→ Given data

+ + + +

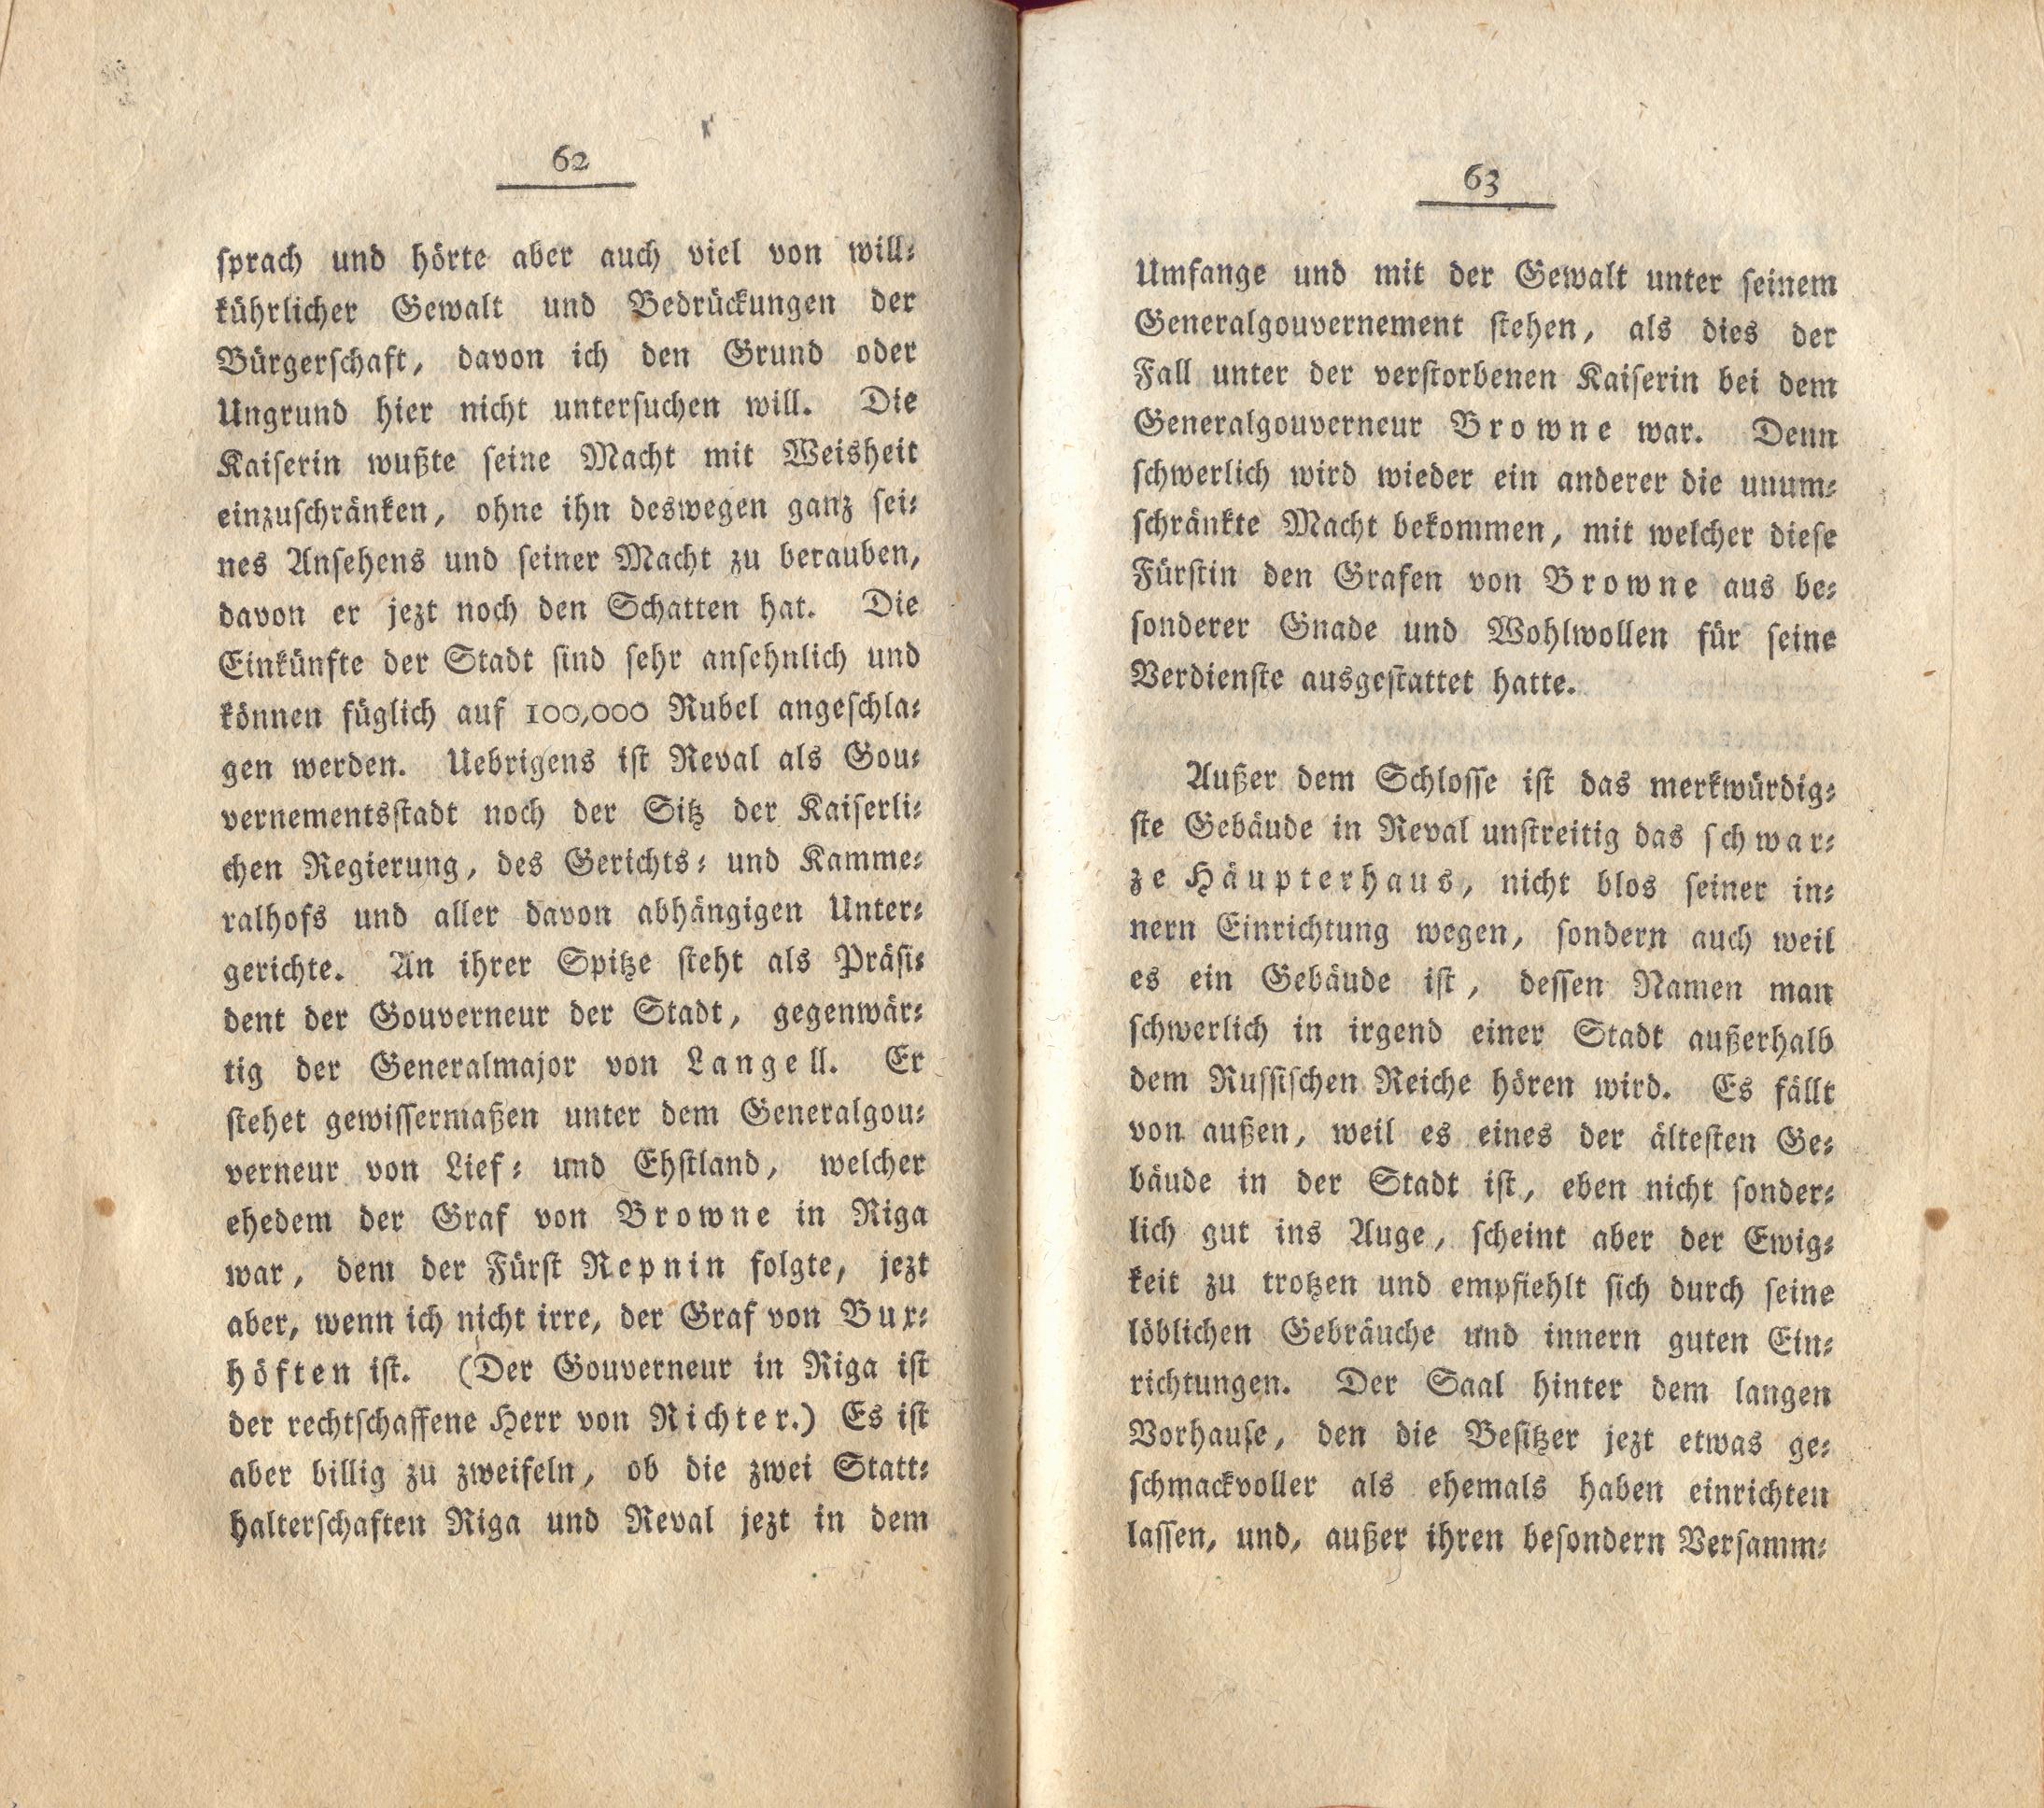 Neue Pittoresken aus Norden (1805) | 36. (62-63) Main body of text
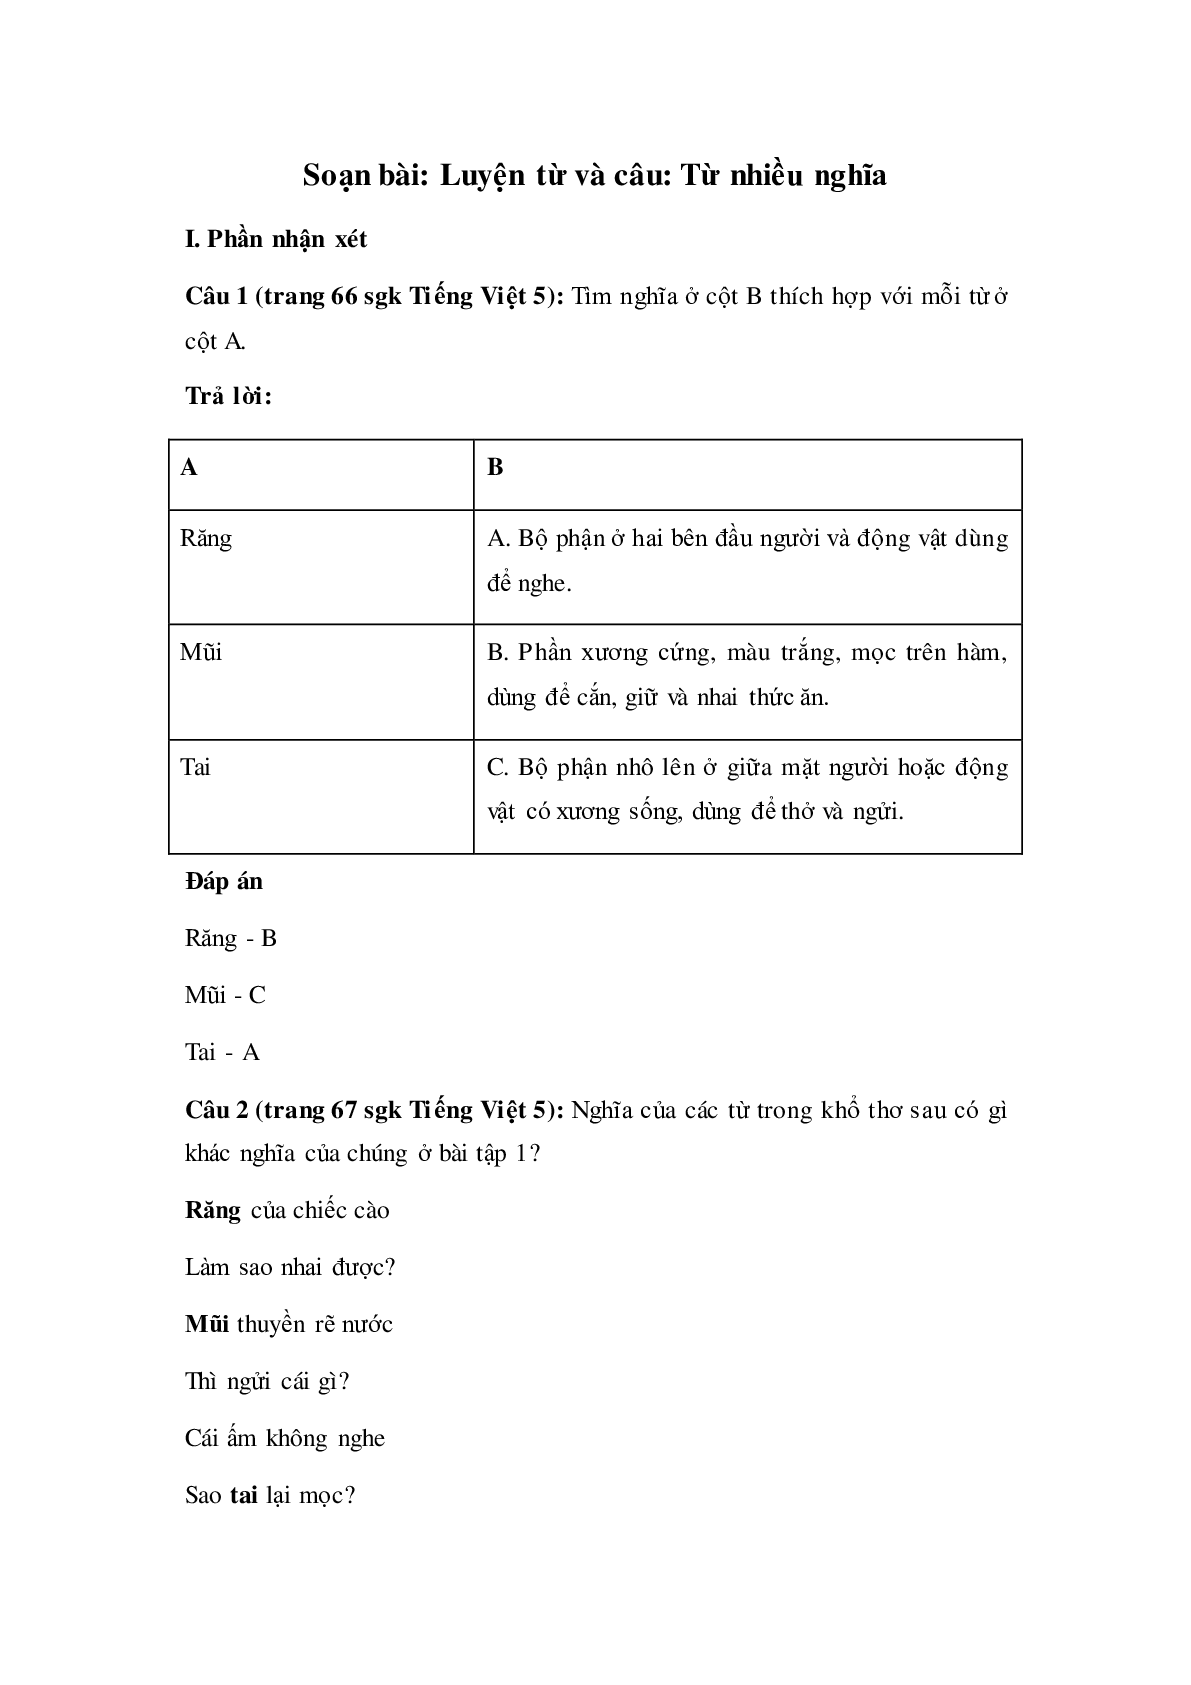 Soạn Tiếng Việt lớp 5: Luyện từ và câu; Từ nhiều nghĩa mới nhất (trang 1)
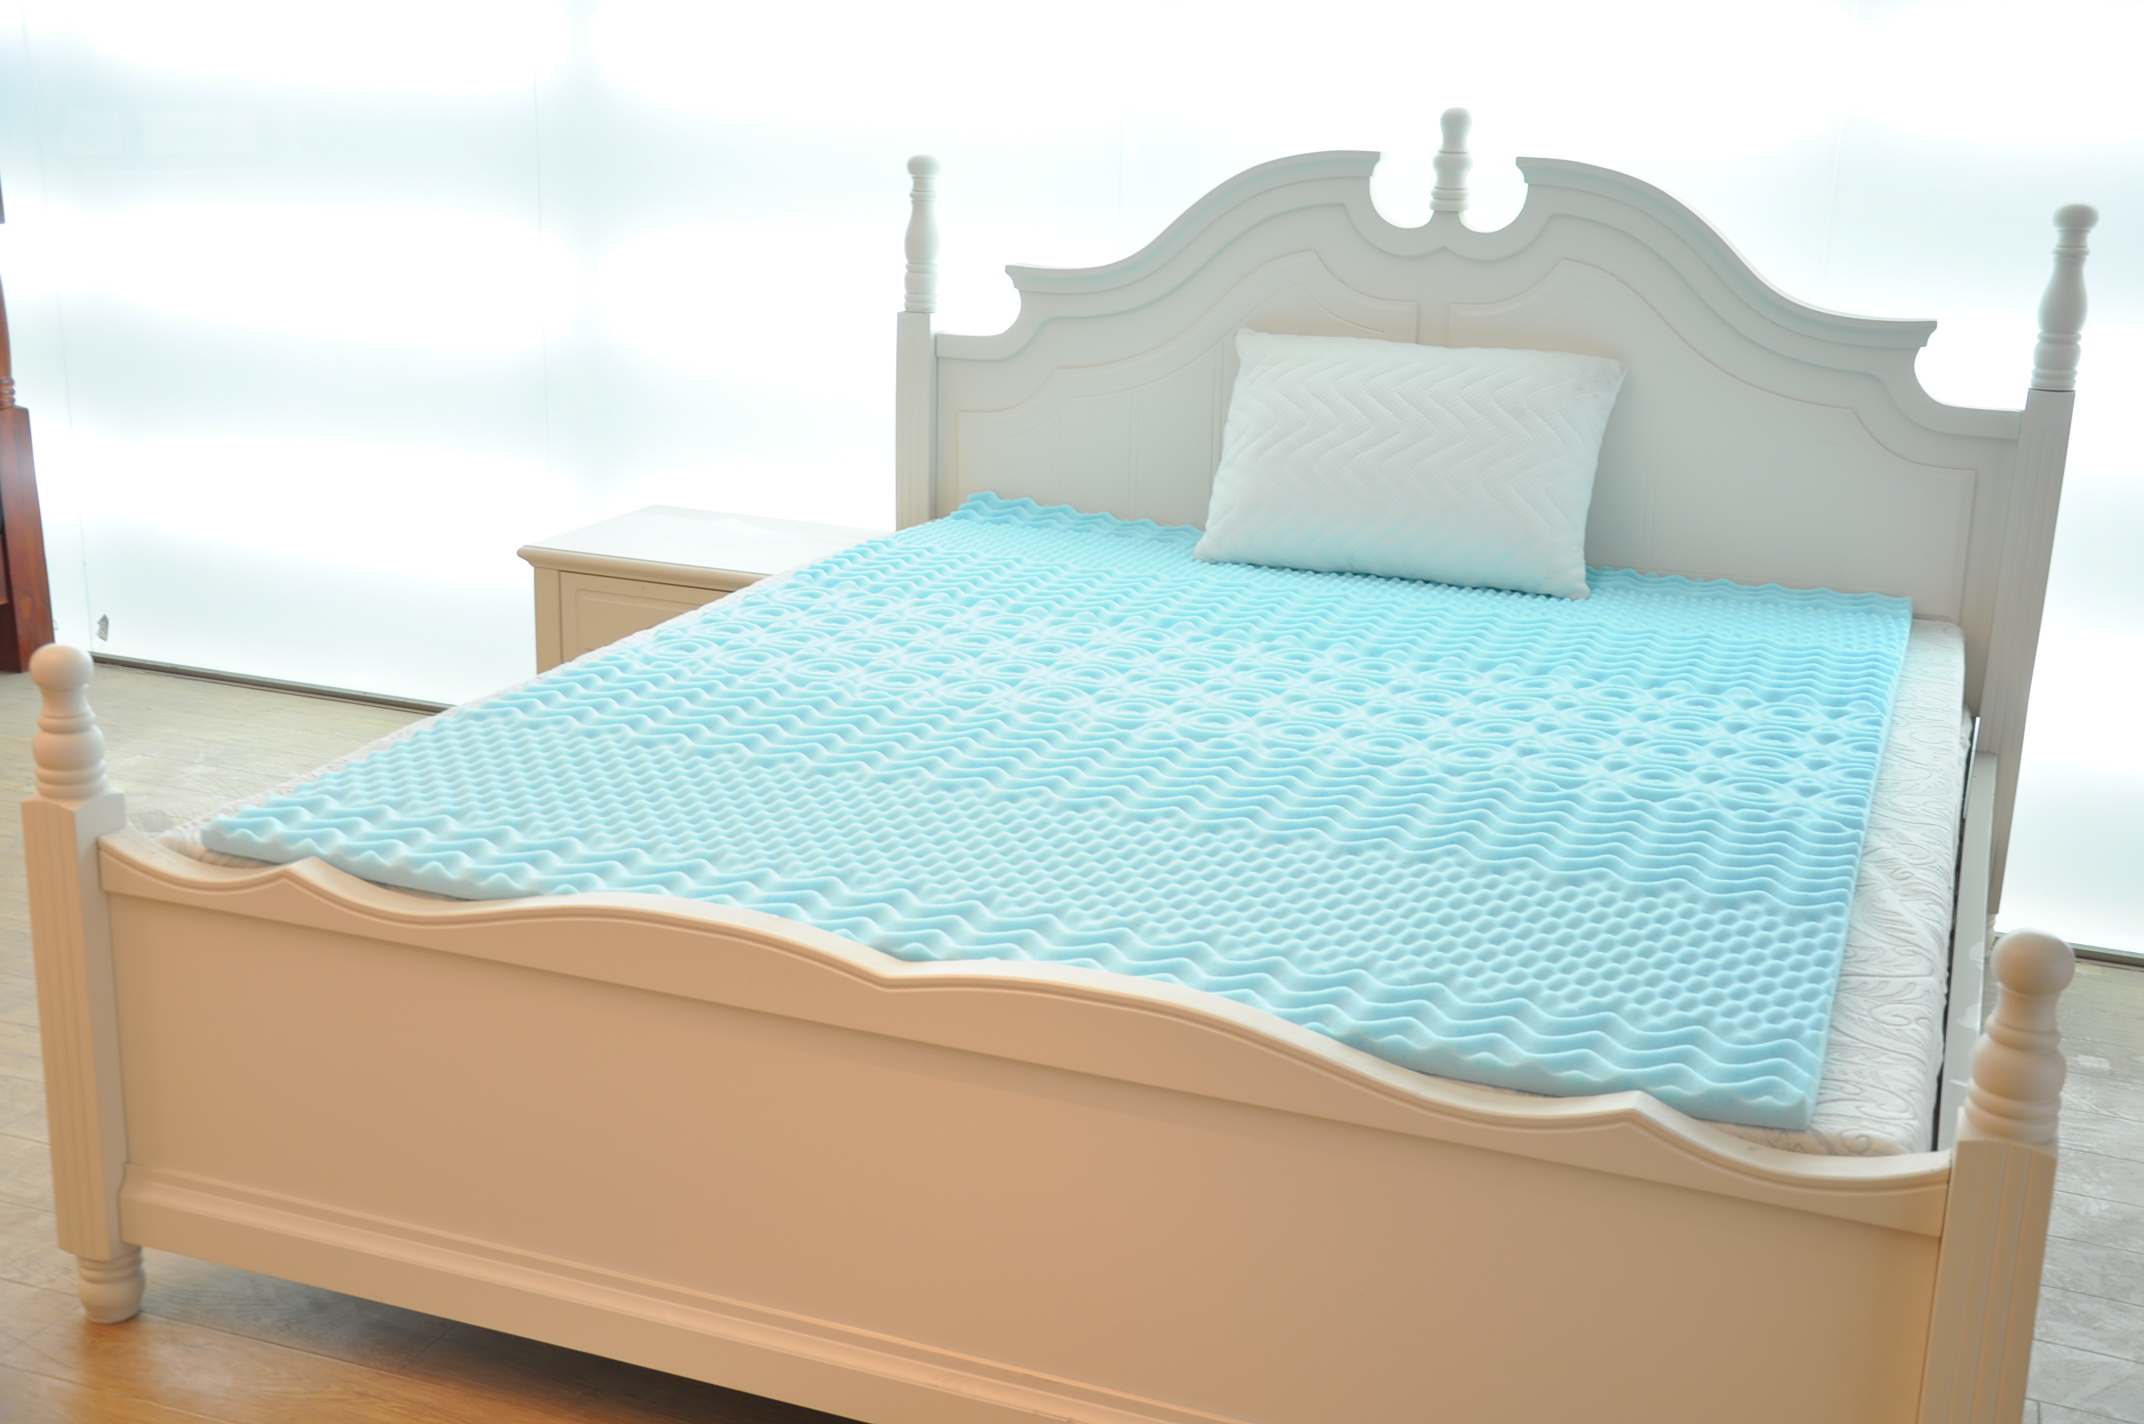 comfort foam mattress topper

+ + + +

→ Your objective
A verbatim copy of the material, pictures excluded, is what must be produced.

→ Result for this task
 Neue Pittoresken aus Norden (1805) | 36. (62-63) Main body of text
 Soạn Tiếng Việt lớp 5: Luyện từ và câu; Từ nhiều nghĩa mới nhất (trang 1)
 comfort foam mattress topper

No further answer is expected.